• [ABOUT THIS TASK]
When you write out the listing below, keep each word exactly as it stands and drop the pictures.
──────── STORED DATA ────────
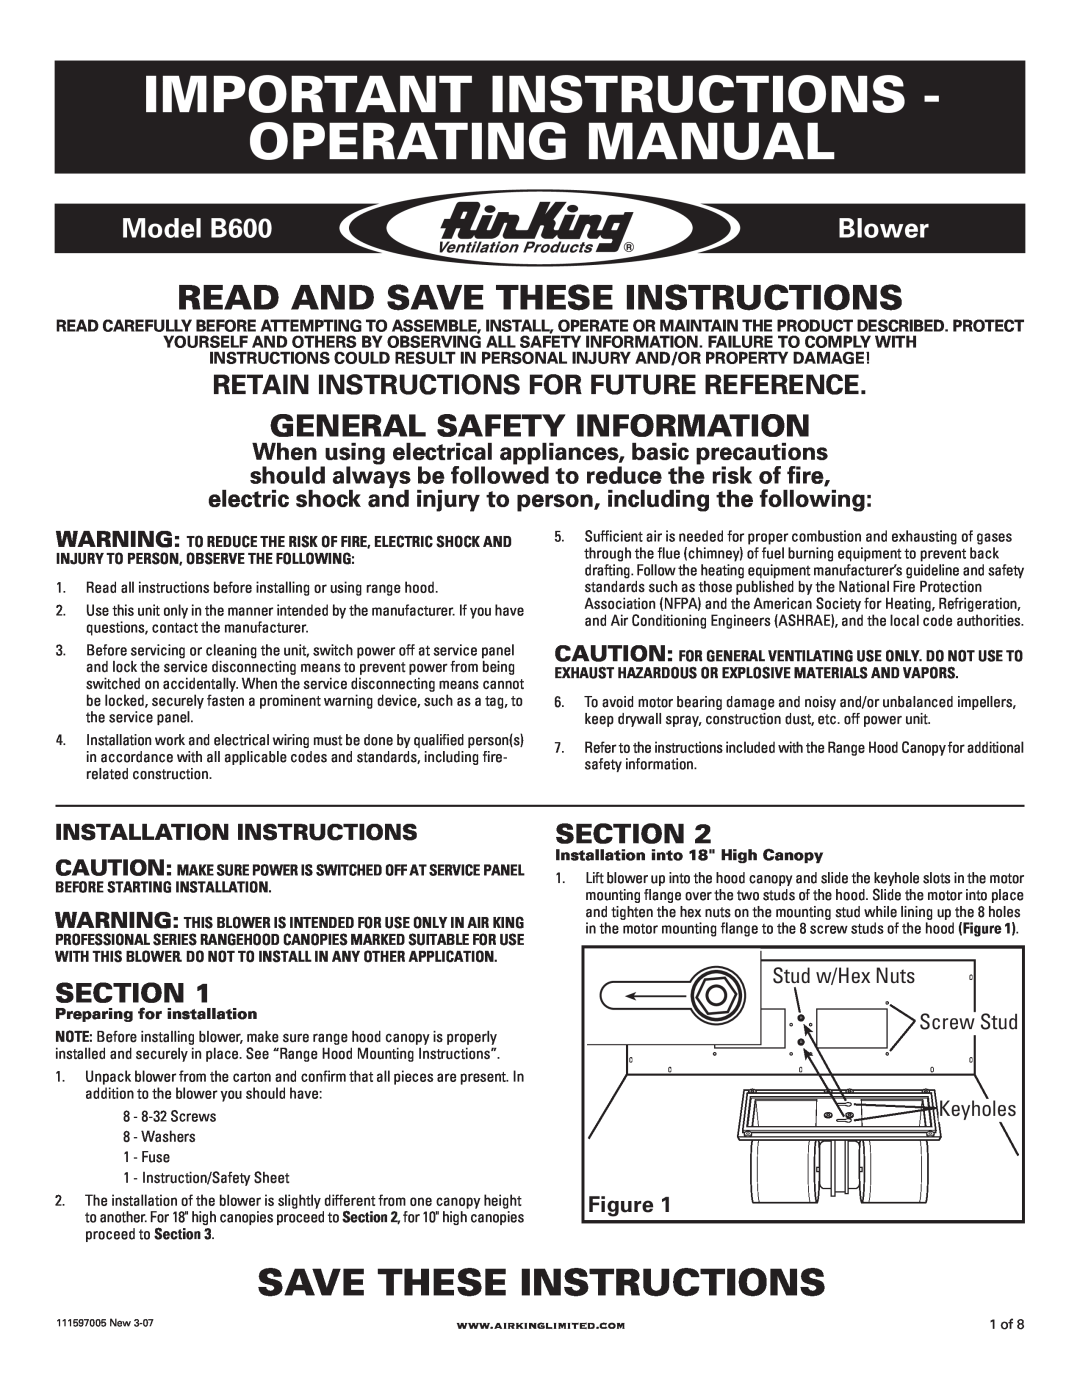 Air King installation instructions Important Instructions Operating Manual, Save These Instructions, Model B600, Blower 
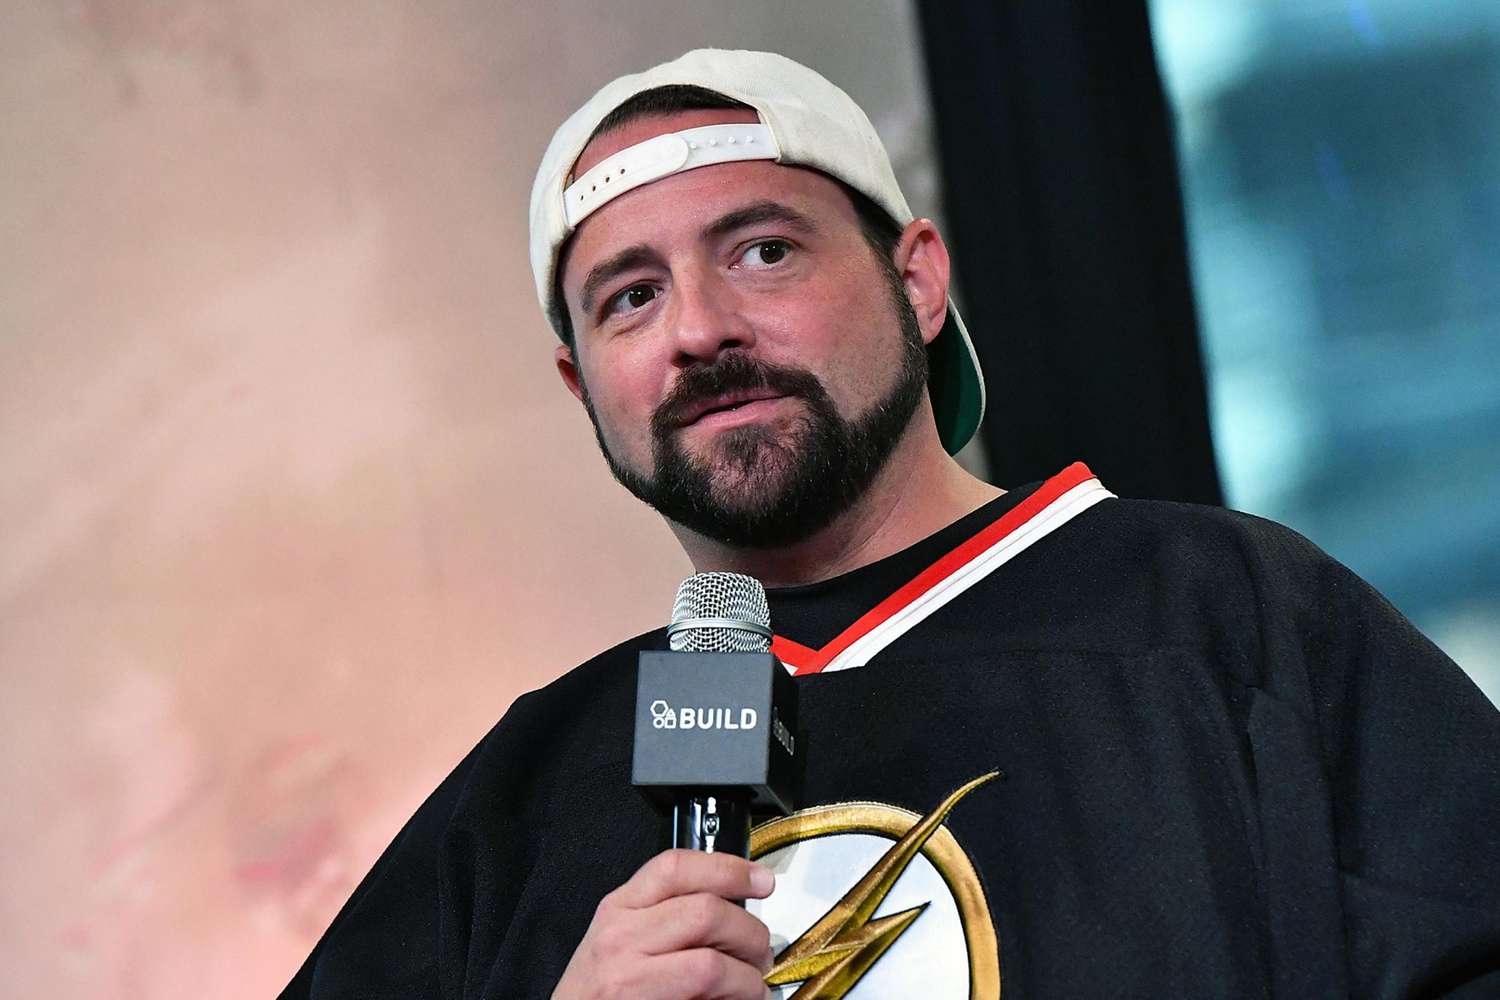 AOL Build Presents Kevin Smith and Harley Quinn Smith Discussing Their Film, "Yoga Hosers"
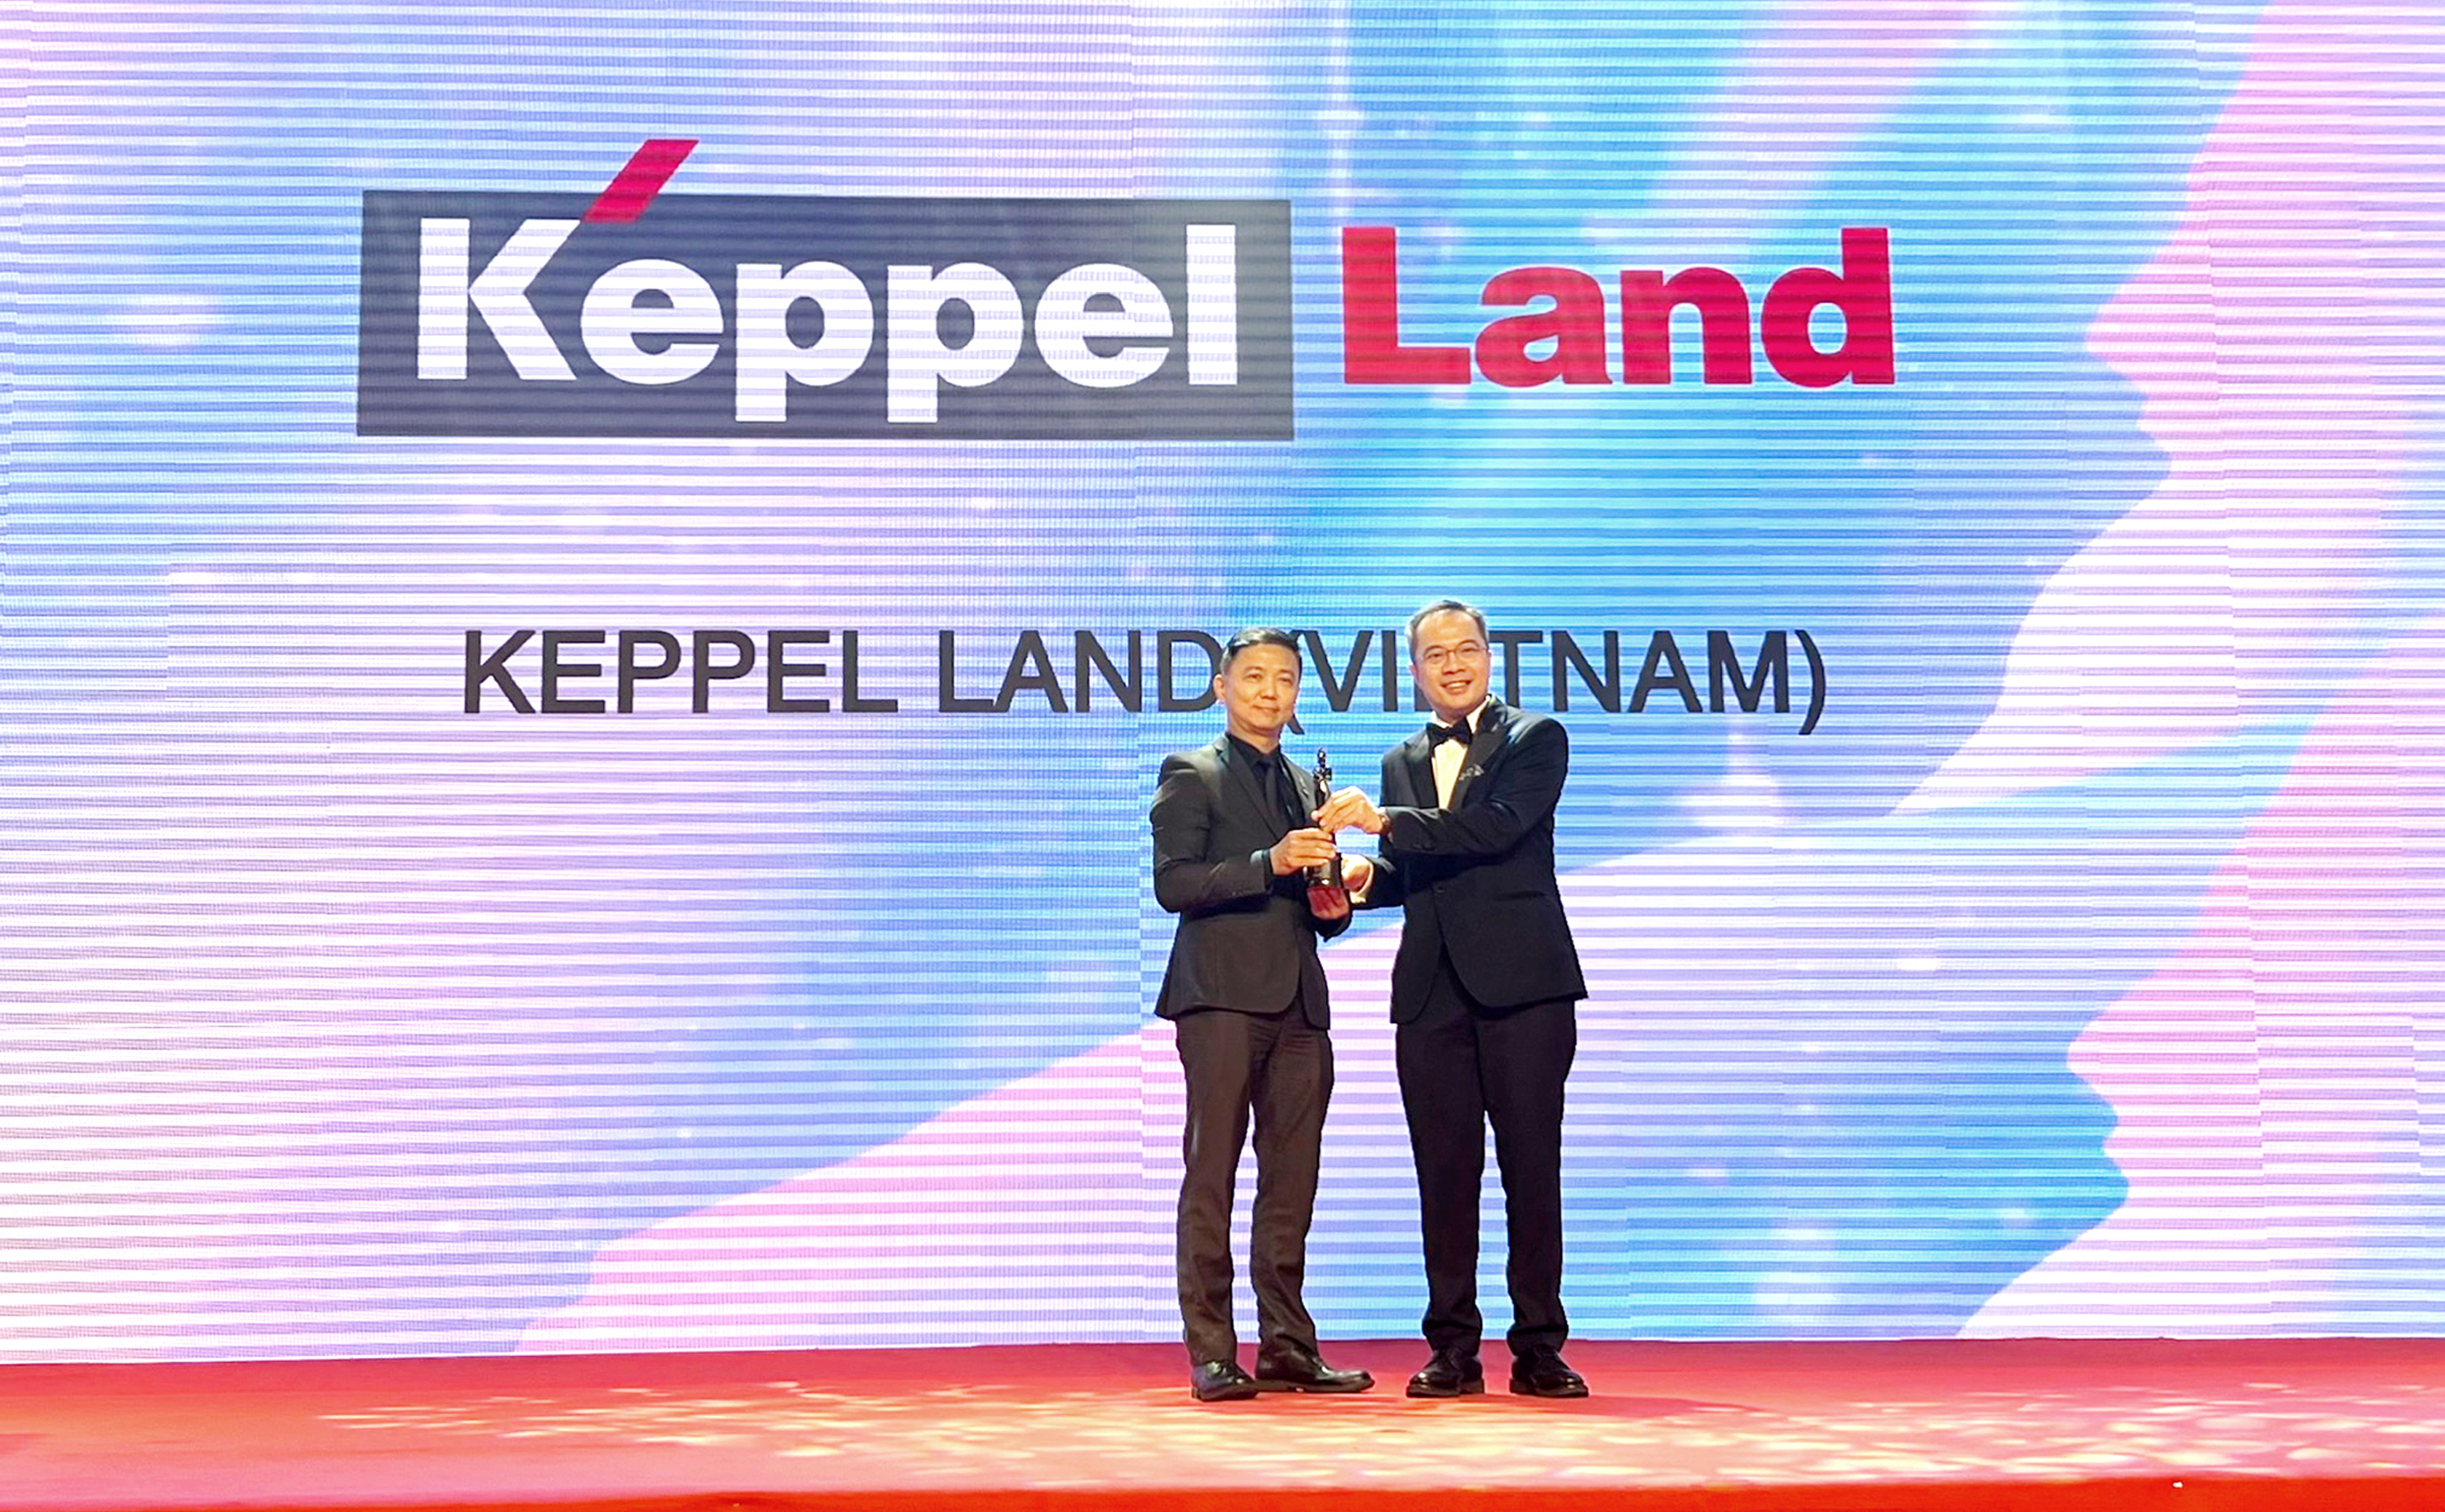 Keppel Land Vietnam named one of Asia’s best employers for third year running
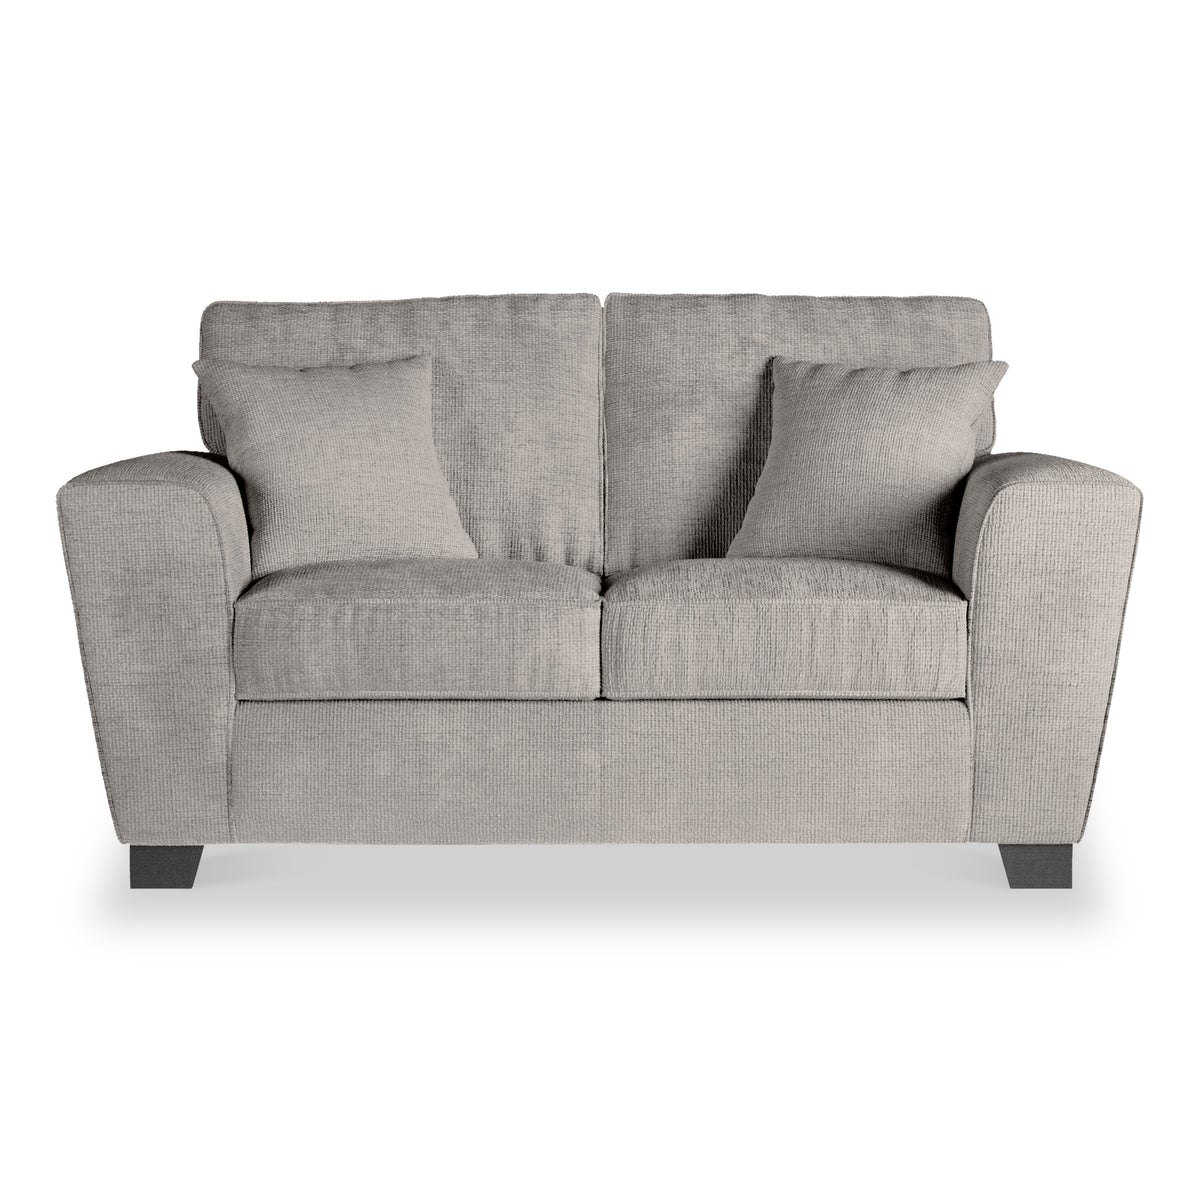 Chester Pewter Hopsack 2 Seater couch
────────
• [WRITTEN REPLY]
 Air King installation instructions Important Instructions Operating Manual, Save These Instructions, Model B600, Blower 
 AOL Build Presents Kevin Smith and Harley Quinn Smith Discussing Their Film, "Yoga Hosers"
 Keppel Land Vietnam named one of Asia’s best employers for third year running
 Chester Pewter Hopsack 2 Seater couch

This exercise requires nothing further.